WOMEN IN THE COAST GUARD

by Elizabeth A. Neely

Women have earned their place in the Coast Guard throughout it's history, serving with distinction. Whether under the auspices of the Revenue Cutter Service, the Lighthouse Service, the Life Saving Service or the Coast Guard of today. Women have contributed to and complimented the various missions of the service.

Marie Lee better known as "Black Marie" demonstrated her importance to the young service in 1791. Black Marie famous for her brawn and boxing skills, was hired by a shipping company to protect a cargo of "swivels." Those swivel guns were destined for placement on the Revenue Cutter Scammel. Black Marie proved her reputation fighting off six smugglers as they attempted to steal the precious cargo. Her skill enabled the cargo to be delivered and in turn, the Scammel to sail her maiden voyage.

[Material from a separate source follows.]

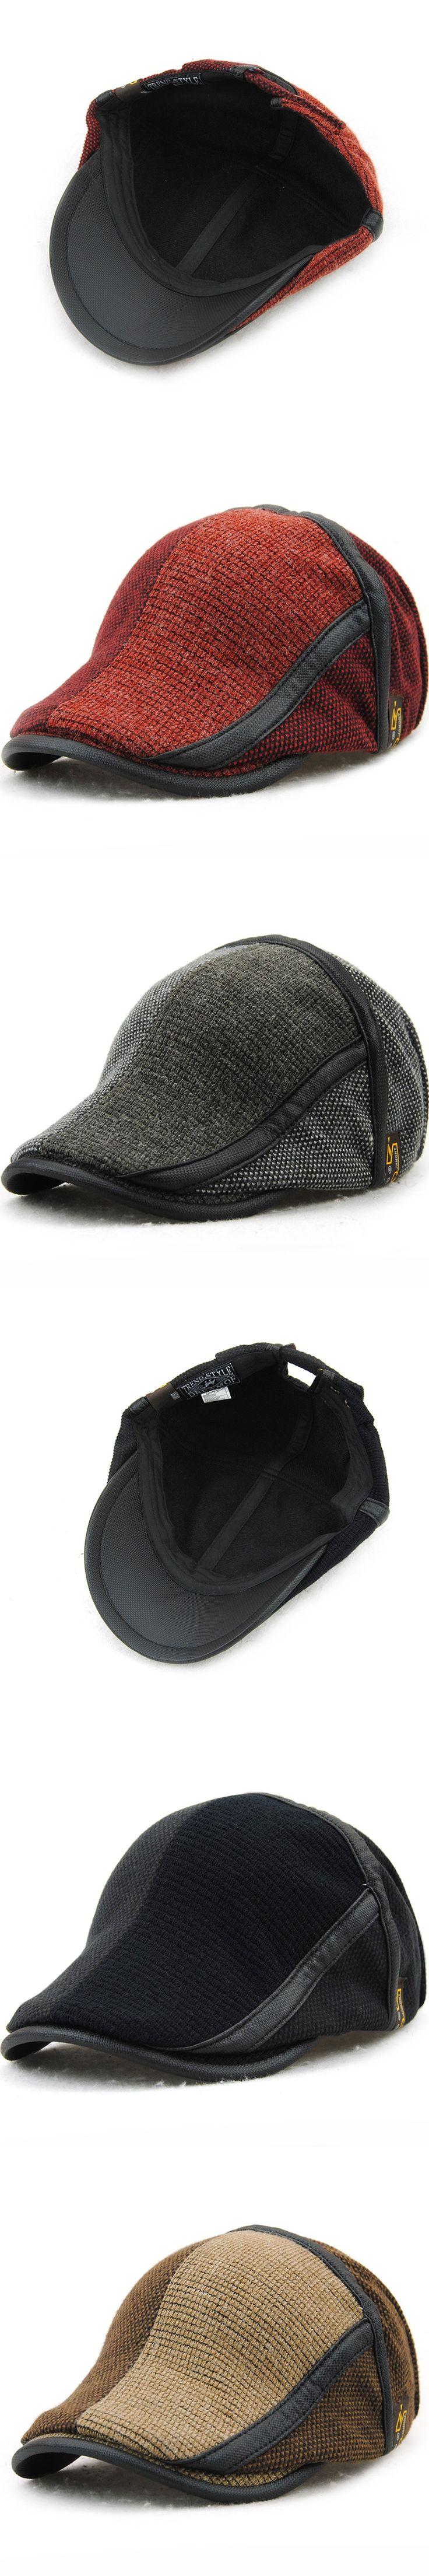 2017 retro berets caps for cotton hats but relaxed visors peaked cap gorras planas flat caps adjustable but 's berets boina bone

Among the first women to prove their importance to the Lighthouse Service were Rebecca and Abigail Bates, whose father was the first lighthouse keeper for Scituate, Massachusetts. As the British warship Hogue entered Scituate Harbor on the morning of September 1, 1814, the sisters knew decisive action had to be taken to prevent attack upon the village. Hoping to convince the British that there was a contingent of guardsmen ready to defend the town, the sisters took up a fife and drum and began playing a military march. Their plan was successful. The Bates sisters have gone down in history as defenders of Scituate and members of the lighthouse "Army of Two."

Many other women proved their importance to the Lighthouse Service as keepers and assistant keepers without receiving official recognition. The positions were often inherited from a father or husband who was unable to continue to perform the duties. Throughout the years women proved their capabilities and were eventually appointed keepers. This became one of the few professions open to women during the nineteenth century.

Perhaps the most famous keeper was Ida Lewis, keeper of Lime Rock Lighthouse in Rhode Island. She performed many daring rescues during her 32 year tenure. An 1869 edition of "Harper's Weekly" featured Lewis' picture on the cover. Ida Lewis Day was proclaimed. Her bravery was rewarded with numerous honors, including the Gold Life Saving Medal, the nation's highest award for valor in rescuing those in peril on the open sea. Editor's Note -- The Coast Guard has named a Coast Guard Cutter after Ida Lewis."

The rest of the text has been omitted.